Review written by C. A. Gerber
May 4th, 2026
A critique of modern conservative jurisprudence from a legal scholar and natural law expert. Hadley Arkes makes the argument that conservatives have been failing not because they don't have good arguments to make, but because they aren't making them. We have borrowed turf from our enemies, using their legal positivism as a defense of life and constitutional liberty instead of rejecting it as wholesale nihilism in the realm of jurisprudence. It isn't working, Arkes makes clear. The solution, he argues, is not to return to the moral ambiguity of Justice Oliver Wendell Holmes, but to go back still further, to the Founders of our nation, who recognized that even without a Constitution, without a Bill of Rights, without a Declaration of Independence, our rights would still exist, and would still be necessarily defensible, because, ultimately, they are founded on the unchanging law of righteousness, as President Calvin Coolidge wrote.

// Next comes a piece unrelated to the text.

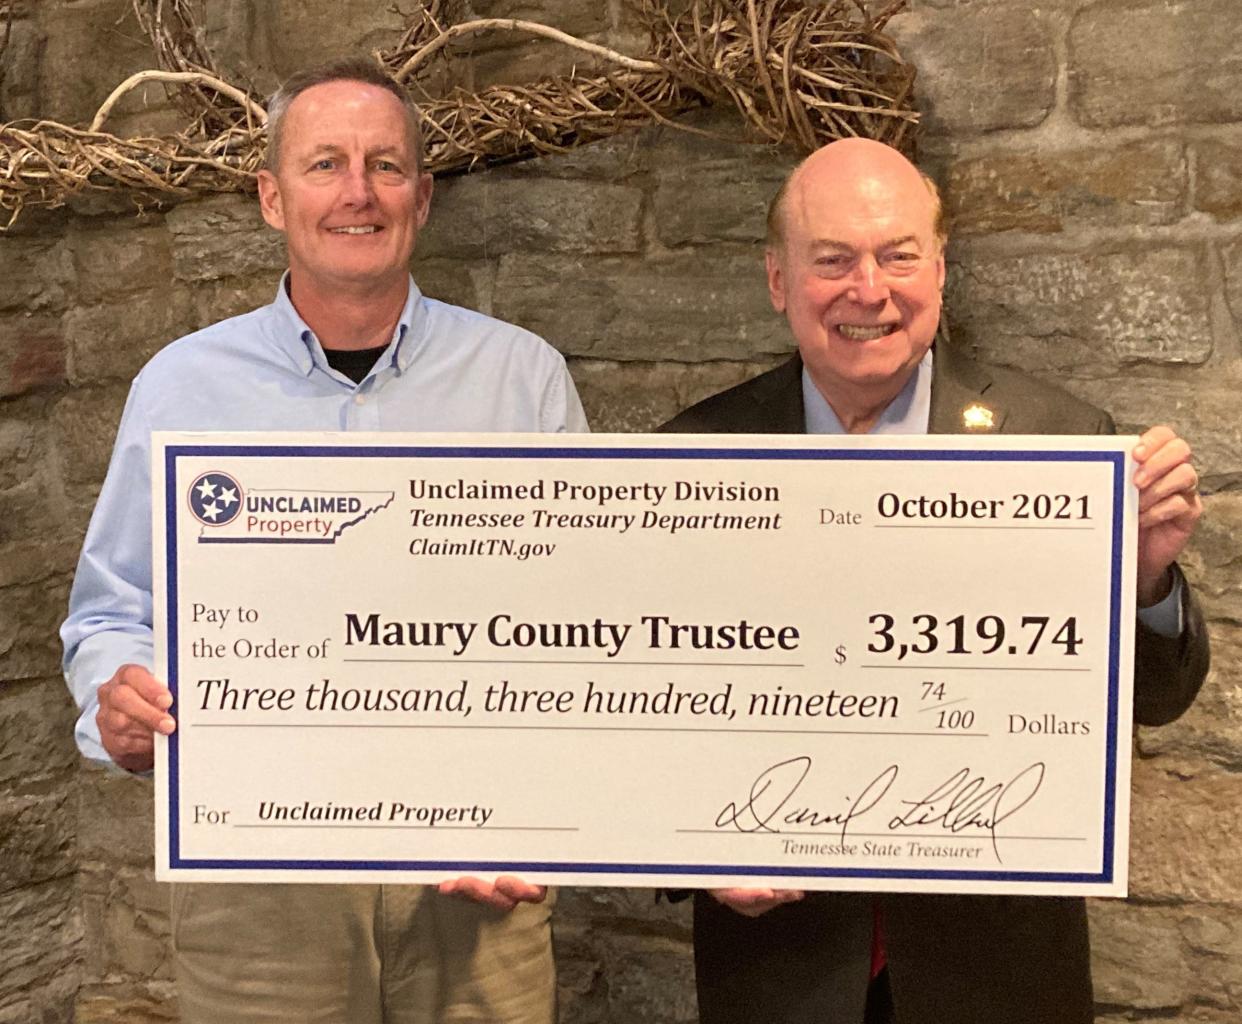 State Treasurer David Lillard, right, presents a check from the Tennessee Department of Treasury for unclaimed property to Trustee Randy McNeece, on behalf of Maury County Government

We must stop our treatment of moral rights as if it were a question of judicial propriety. Courts cannot avoid making moral judgements; the question is not to judge or to judge not, but rather to judge rightly, or to judge wrongly; and what we base our judgements on. What the court bases its judgements on cannot be only the law of a certain state or the letter of the Constitution; rather, Arkes understands the spirit of the laws. It was the reason for which the Constitution was drafted; the reason why the colonists of our nation broke with the British Empire. It was the reason that the founders of our nation could understand the same principles as we today can and do, yet they, of course, did not have the Constitution to guide them; they had only their souls, their inner conscience, the realization that all laws come from The Law.
Arkes makes several further points, arguing strongly against a “States' rights” understanding of abortion, and rather as a fundamentally moral issue. He also spends several chapters of this book contrasting the segregation of the twentieth century with the abortion of the twenty-first, and the Supreme Court’s correct decision but with flawed reasoning on both issues. Some of the points which he makes may seem controversial to the more libertarian-minded reader; he does not hesitate to argue that the state should punish some forms of what he terms “hate speech”—including, interestingly, the use of profanity in a public setting. While this may seem polemic, Arkes defends his thesis well, and the facts and data he uses are substantive.
Ultimately, this book is one that those interested in jurisprudence and law should read with open eyes, open ears, and open hearts; we may reject some of the conclusions he arrives at, but as an intellectually rigorous work, with flawless logic, the ultimate conclusion, the end destination at which all the strings tie together, is a conclusion that is impossible to dismiss.